- _Data excerpt_:
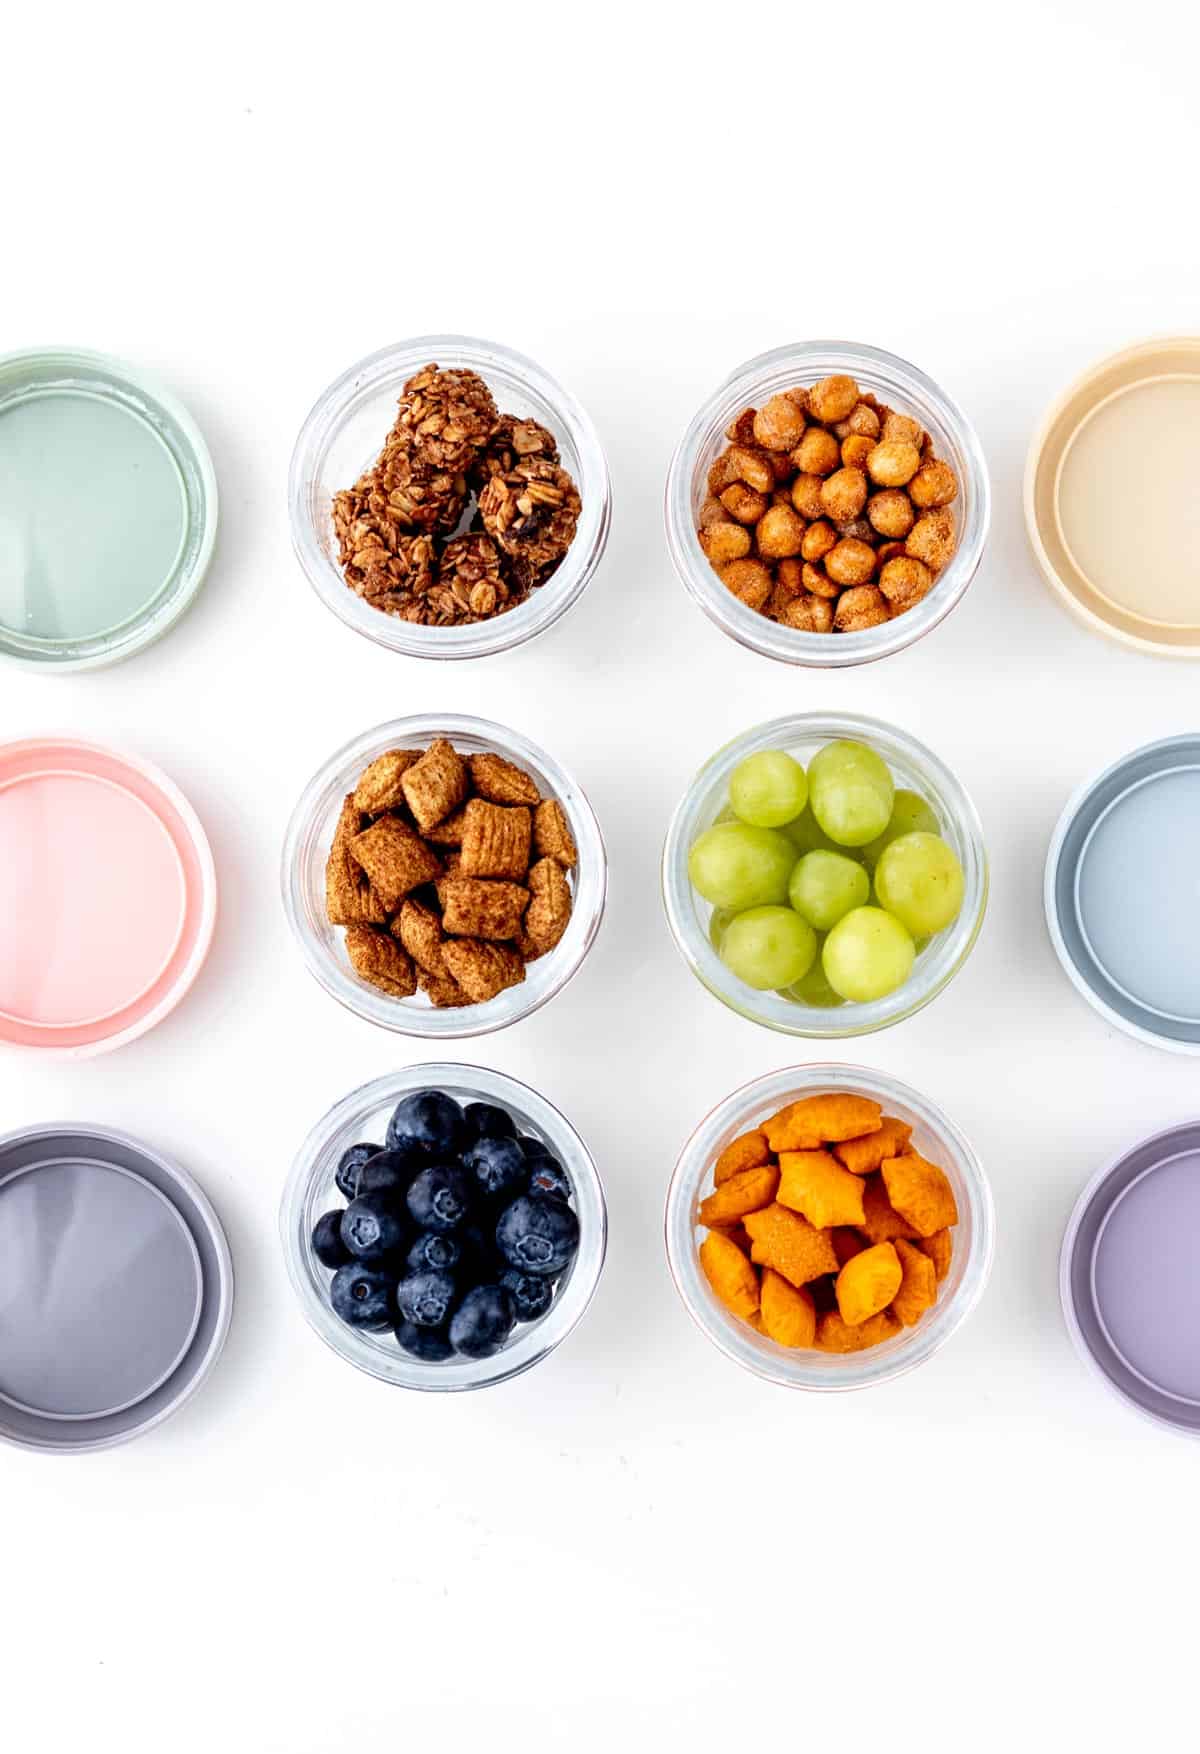 Overhead shot of easy road trip snacks packed in little containers with lids.
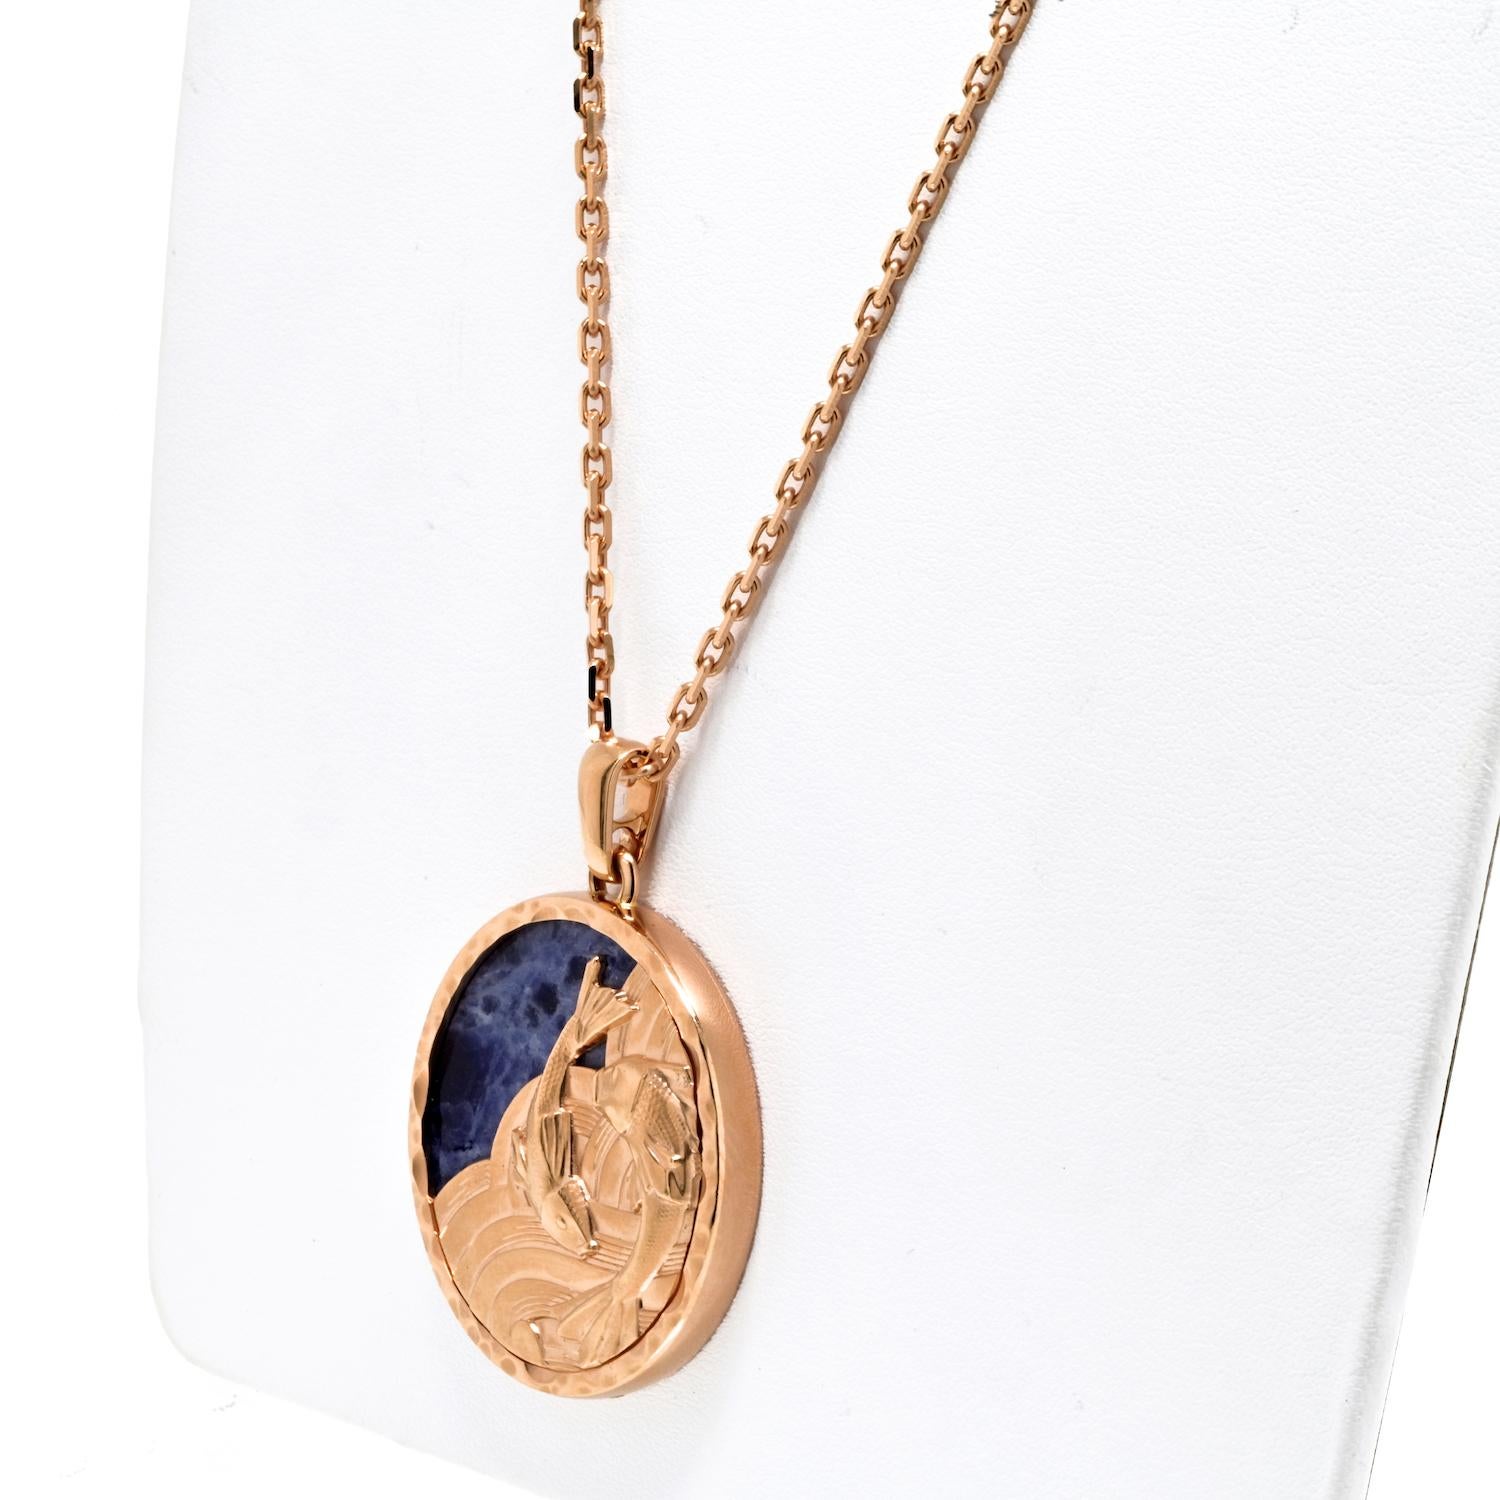 Modern Van Cleef and Arpels Pisces Zodiac Pendant On A Chain Necklace For Sale
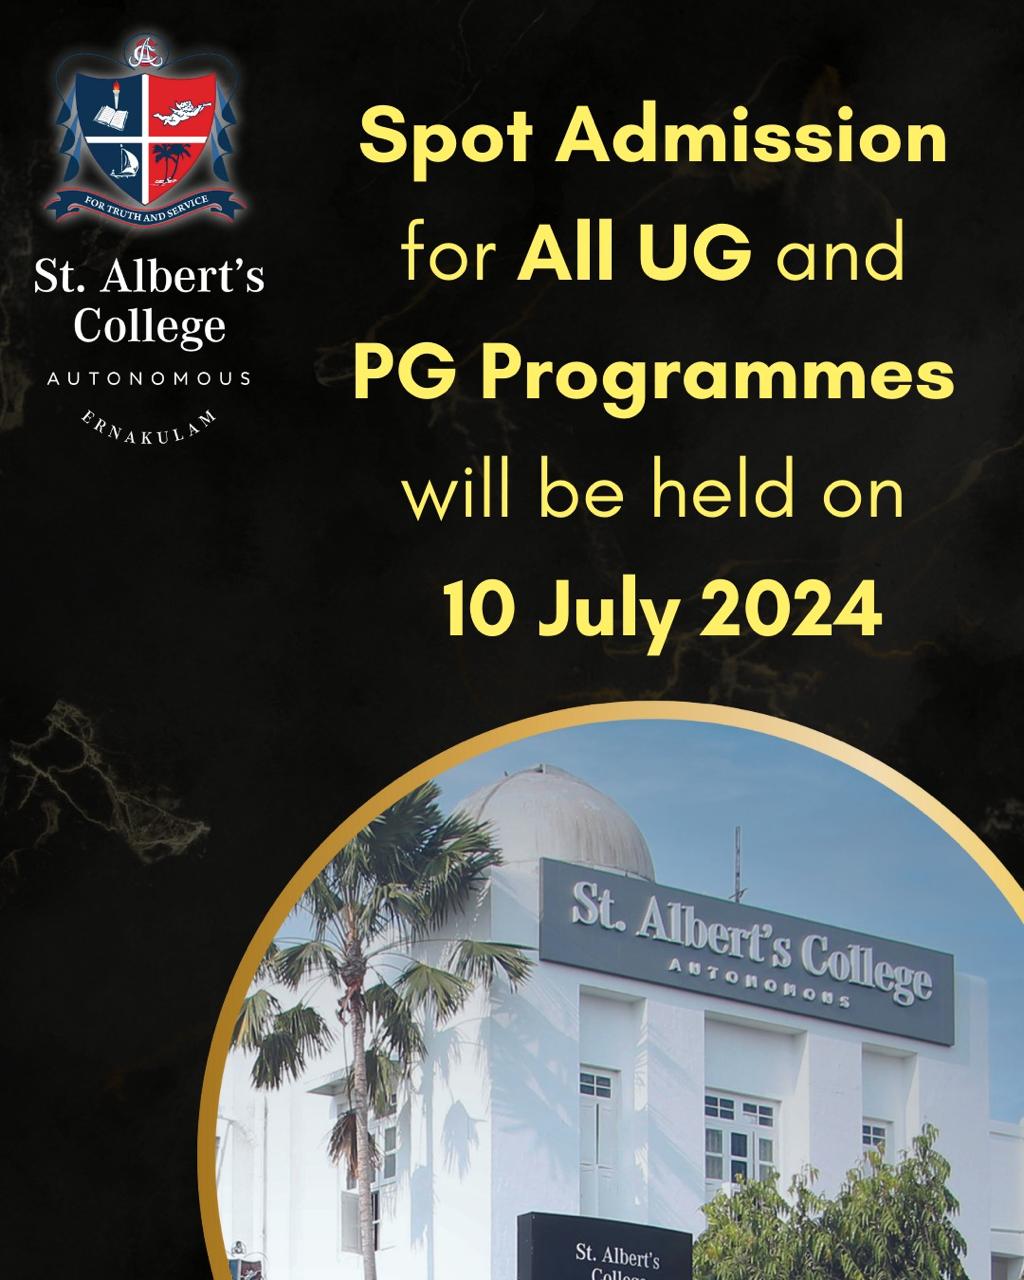 Spot Admission for All UG and PG Programmes.

- _Work item_: The reply should hold every line of the material above, unchanged, and no pictures.

- _Completed task_:
 Overhead shot of easy road trip snacks packed in little containers with lids.
 Modern Van Cleef and Arpels Pisces Zodiac Pendant On A Chain Necklace For Sale
 Spot Admission for All UG and PG Programmes.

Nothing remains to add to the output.